◆ **Stored data**
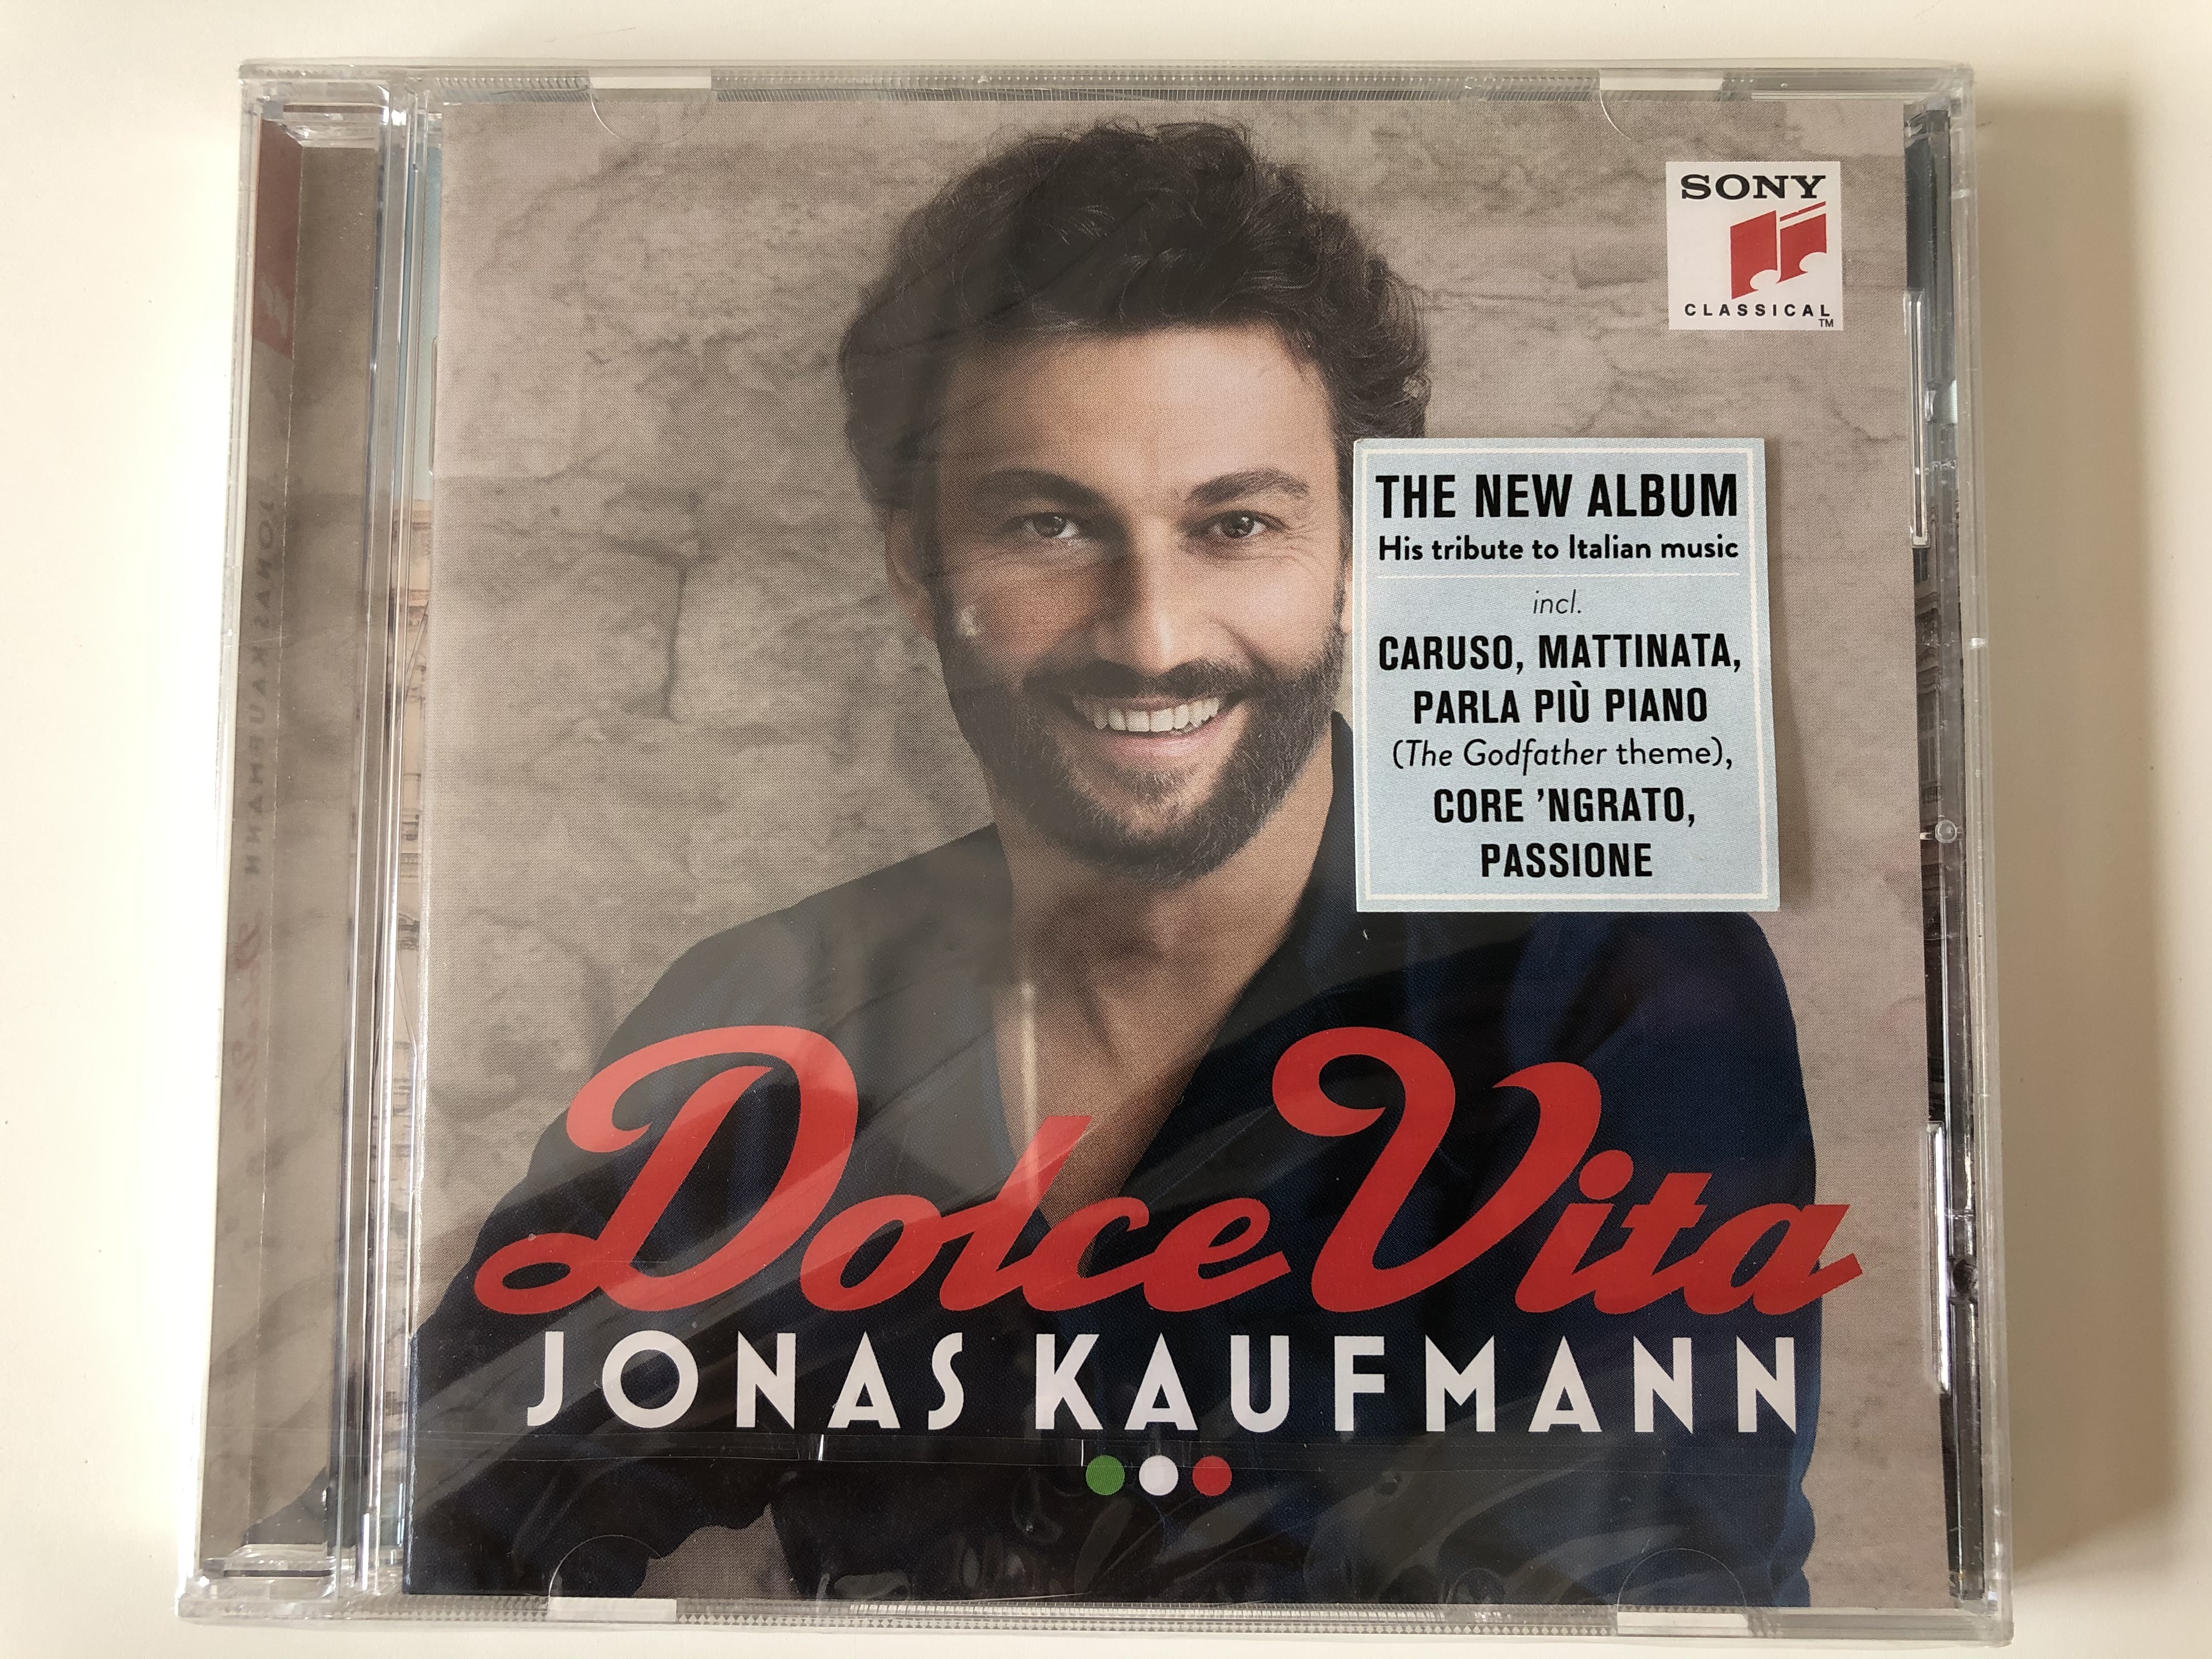 dolce-vita-jonas-kaufmann-the-new-album-his-tribute-to-italian-music-icnl.-caruso-mattinata-parla-piu-piano-the-godfather-theme-core-ngrato-passione-sony-classical-audio-cd-2016-88-1-.jpg
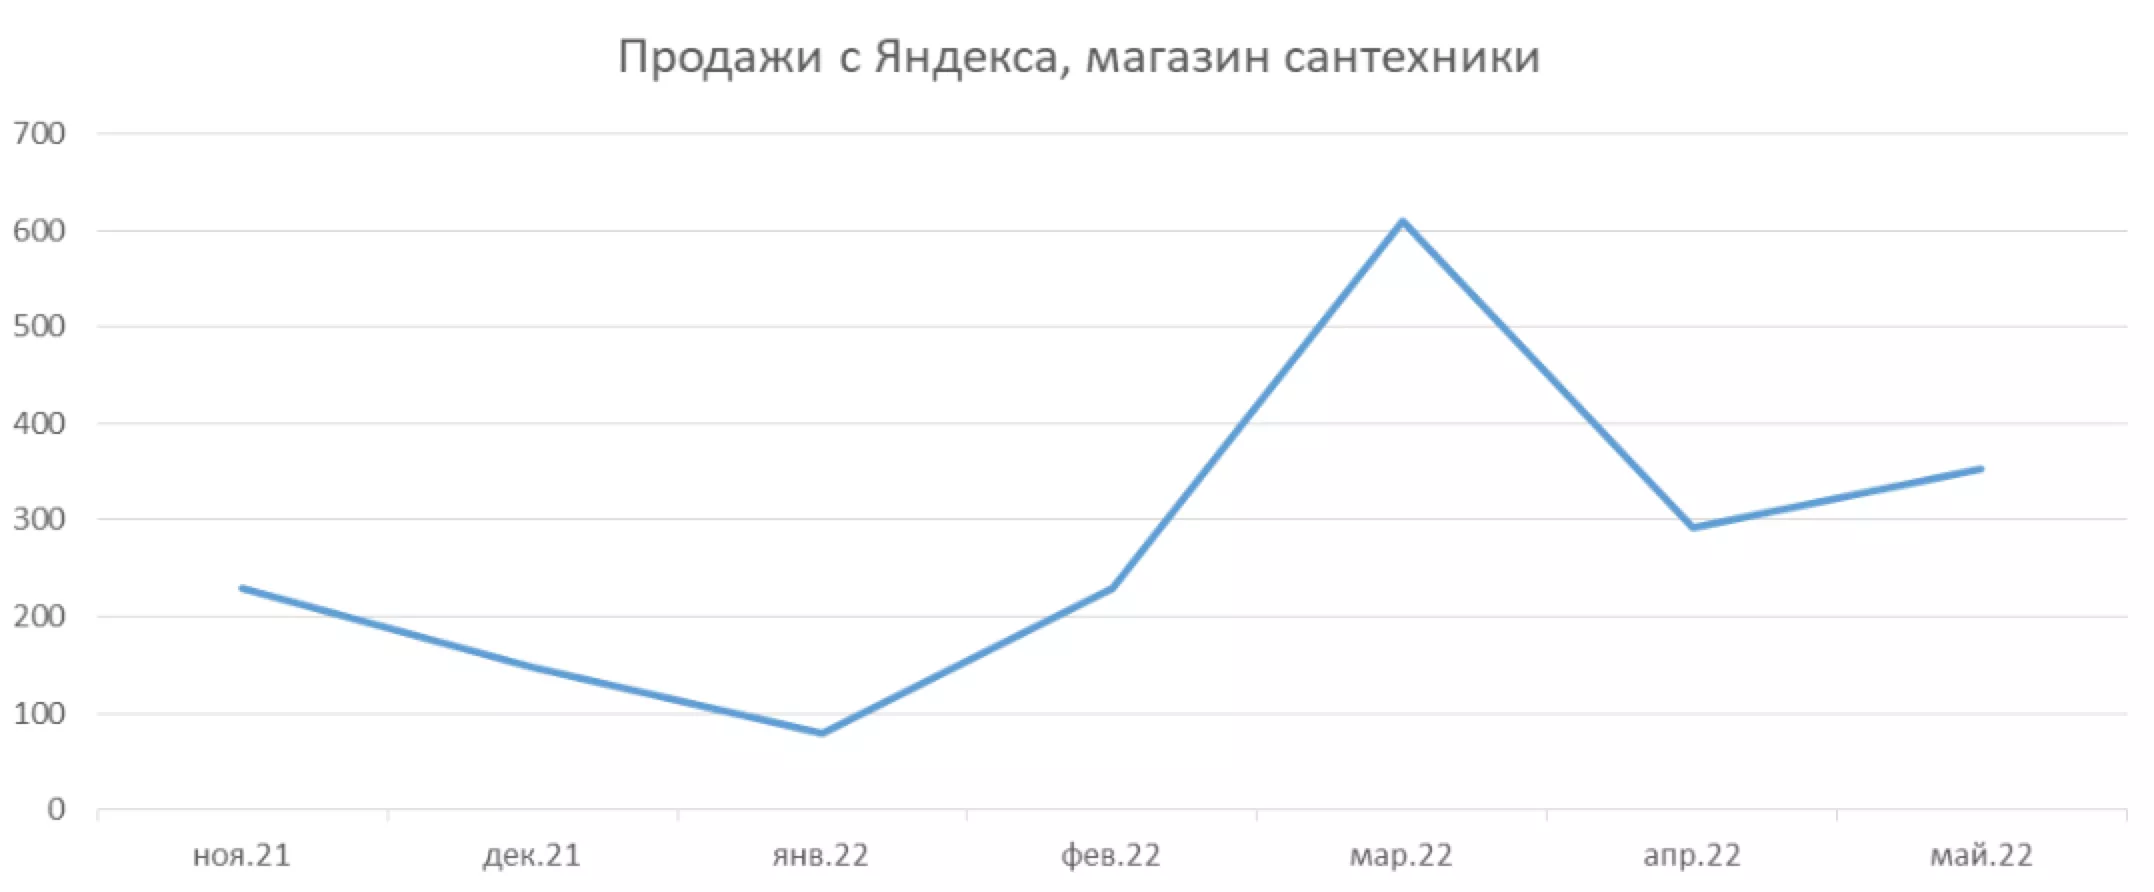 Продажи с Яндекса
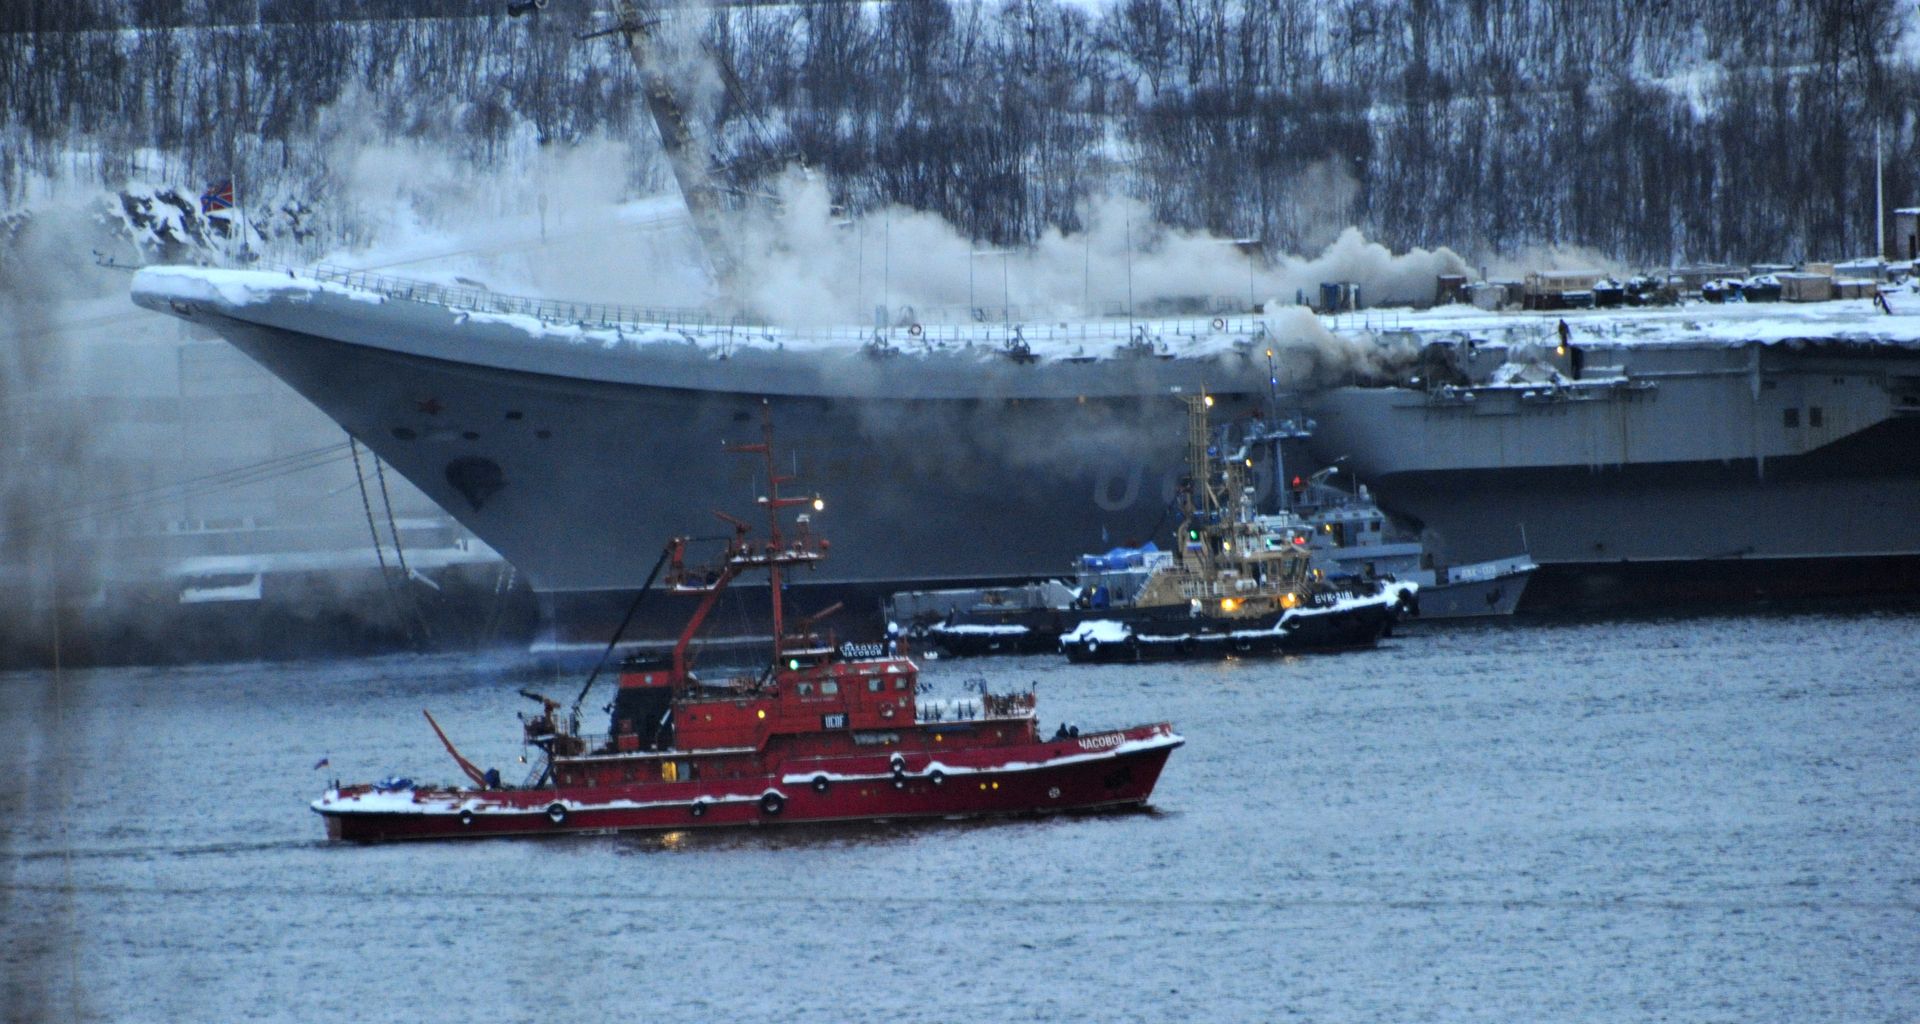 Rosja. Pożar na pokładzie lotniskowca "Admirał Kuzniecow" w Murmańsku

◆ **Assignment**
An exact copy of all the lines above is required, with the pictures removed.

◆ **Response**
 dolce-vita-jonas-kaufmann-the-new-album-his-tribute-to-italian-music-icnl.-caruso-mattinata-parla-piu-piano-the-godfather-theme-core-ngrato-passione-sony-classical-audio-cd-2016-88-1-.jpg
 Продажи с Яндекса
 Rosja. Pożar na pokładzie lotniskowca "Admirał Kuzniecow" w Murmańsku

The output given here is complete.